Diakui Junai, terjadinya penurunan harga buah sawit tidak terlalu banyak, namun akan sangat dirasakan oleh petani sawit seperti dirinya yang hanya memiliki luas kebun sawit pas-pasan. 

“ Memang harganya turun tidak terlalu tajam, cuma Rp 100 perkilo. Tapi terasa juga. Apalagi kita memiliki luas kebun sawit hanya pas-pasan. Belum lagi direcoki dengan harga pupuk yang semakin lama semakin naik,” keluhnya.

Menurutnya, harga penjualan buah sawit sekarang berkisar Rp 1.525 perkilo, yang sebelumnya Rp 1.645 perkilo. Junai mengaku heran kenapa pupuk yang begitu dibutuhkan petani sawit ini harganya mengalami kenaikan, sementara pendapatan petani sawit diakuinya terus menurun. 

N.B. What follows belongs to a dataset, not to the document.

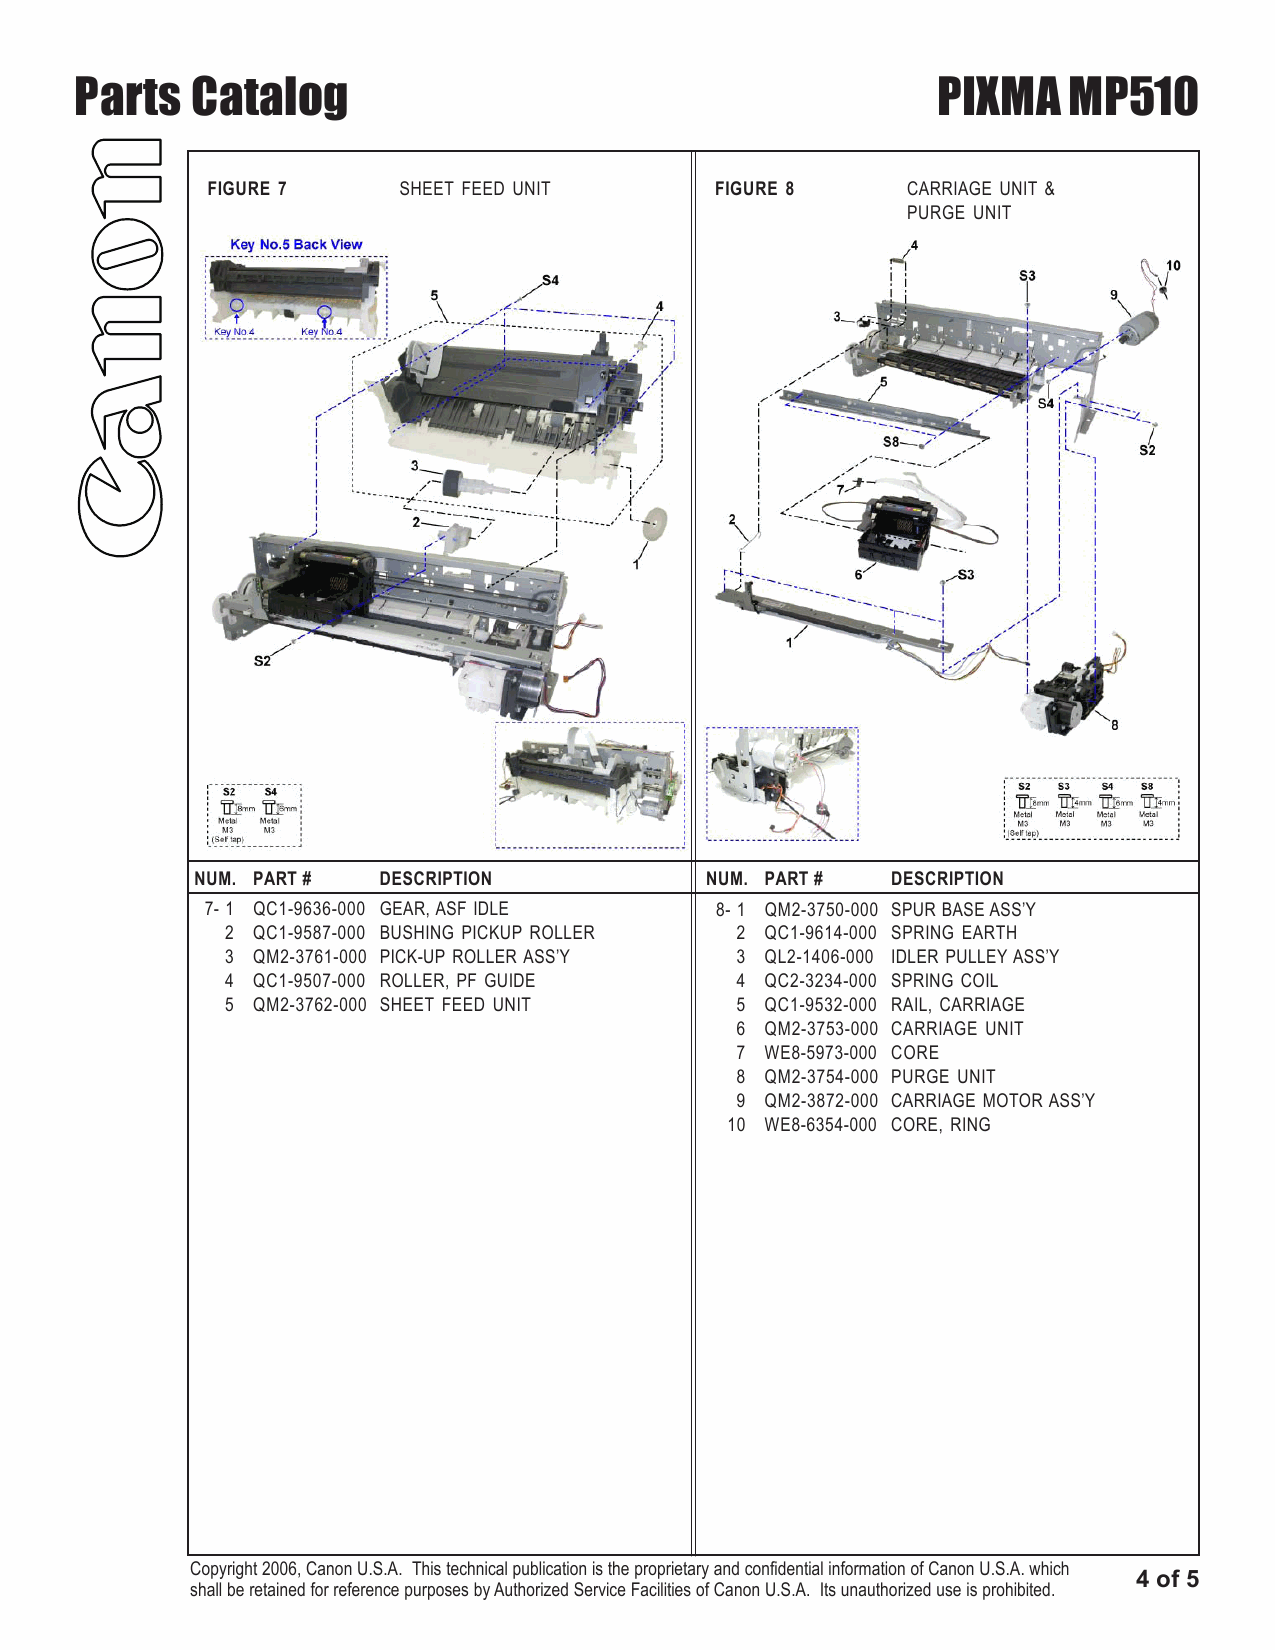 Canon PIXMA MP510 Parts Catalog Manual-5

Turunnya harga sawit tersebut juga keluhkan dan dirasakan pemilik warung. Seperti yang diungkapkan oleh Doni dan Tono. Menurutnya, semenjak harga buah sawit turun, penghasilan dari jual beli barang harian warung mereka berkurang. “Biasanya ramai pembeli. Sudah beberapa hari ini semenjak harga sawit turun, pembeli jadi sepi,” ungkapnya.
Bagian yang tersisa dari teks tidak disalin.